M&As: EPL/Indovida to merge to create US$2 bn packaging firm

M&As: EPL/Indovida to merge to create US$2 bn packaging firm

Flexible packaging company EPL Limited, (formerly Essel Propack), which is backed by Blackstone, has announced a definitive merger agreement with Indovida India Private Limited, a subsidiary of Thailand-based integrated PET firm Indorama Ventures. This strategic combination is set to create one of the largest consumer packaging platforms in emerging markets, with a combined valuation of approximately US$1 billion and projected annual revenues of around US$1 billion. Also following the merger, Indorama will emerge as the largest shareholder with a more than 50% stake.

The merger unites EPL's expertise in flexible packaging with Indovida's strength in the rigid PET packaging sector, positioning the new entity for accelerated growth and enhanced market presence.

The terms of the transaction highlight significant value creation for EPL shareholders. The company has been valued at approximately US$1.2 billion. In contrast, Indovida India is valued at approximately us$100 million, reflecting a valuation multiple that is at a 35% discount to EPL's.

Following the merger, the shareholding pattern of the combined entity will see a significant shift. Indorama Ventures, through its subsidiary, will become the co-promoter, holding a majority stake of 51.8%. This move underscores Indorama's strategy to deepen its presence in the Indian market. Blackstone's stake, held through an affiliate, will be adjusted to 16.6%, while the remaining 31.6% will be held by other public shareholders. This new structure provides the merged company with strong strategic parentage and continued institutional backing.

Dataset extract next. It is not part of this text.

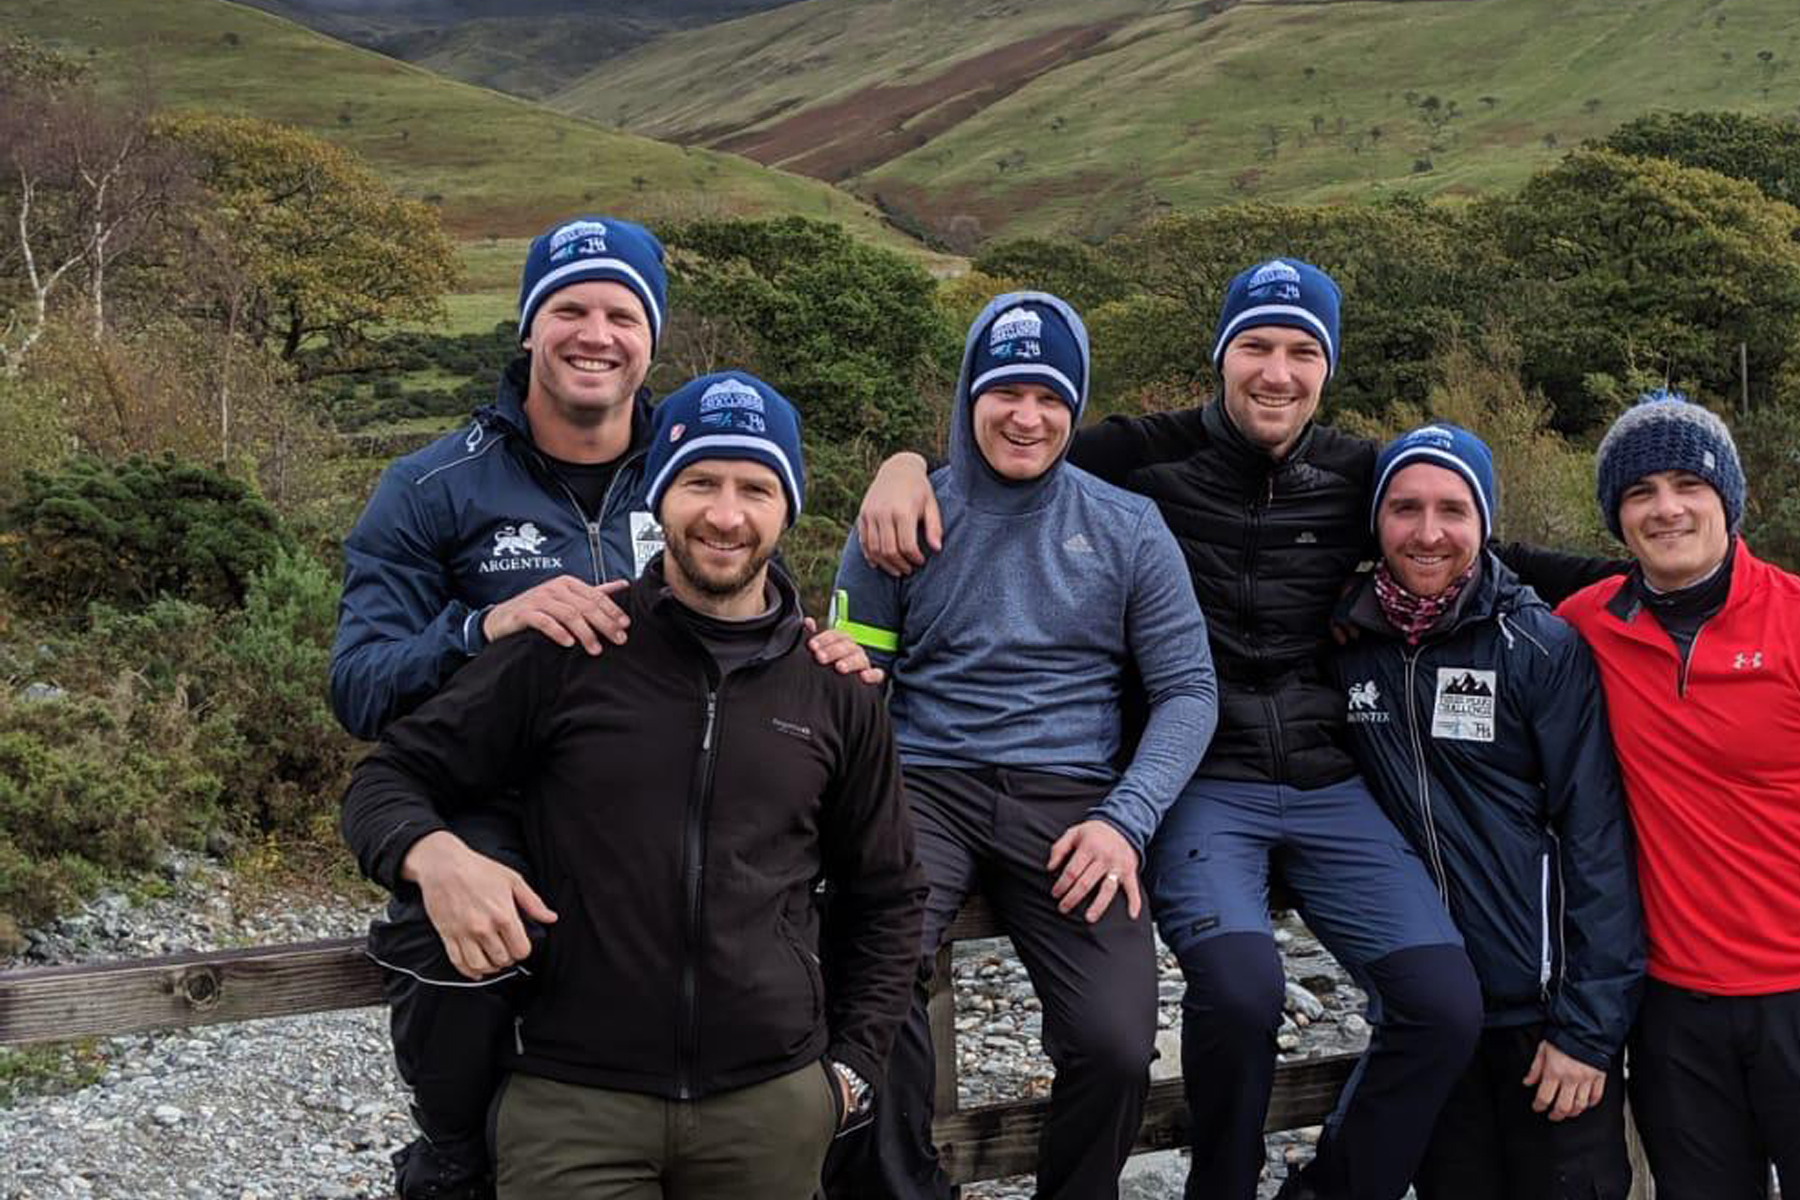 Three Peaks Challenge conquered for cricket charities

The primary driver for this merger is the creation of a diversified, multi-format packaging leader. By integrating Indovida's rigid PET capabilities, EPL significantly expands its Total Addressable Market (TAM) from US$1.4 billion to an estimated US$19 billion.

The combined entity will have a strong focus on high-growth emerging markets, which are expected to contribute approximately 75% of its total revenue. This strategic pivot allows the company to offer a comprehensive product portfolio to a wider customer base across various consumer segments, including food, beverage, and personal care.

The merger is projected to unlock substantial financial benefits. Annual synergies are estimated to be in the range of US$15 million to US$10 million, driven by procurement efficiencies, supply chain optimization, and leveraging complementary geographic footprints. The deal is structured to be immediately margin-accretive.

For the calendar year 2025, the EBIT margin of the merged entity is projected to expand to 13.6% from EPL's standalone 12.4%. Similarly, the Return on Capital Employed (RoCE) is expected

to improve from 18.7% to 20.9%.

The new entity will operate 40 manufacturing facilities across 17 countries. This expanded footprint provides EPL with strategic entry into new, high-growth geographies where Indovida has an established presence, particularly in Africa and Vietnam.

The company will need to secure clearances from the Securities and Exchange Board of India (SEBI), the Competition Commission of India (CCI), the National Company Law Tribunal (NCLT), and stock exchanges. The entire process, including securing all necessary approvals, is expected to take approximately 12 months.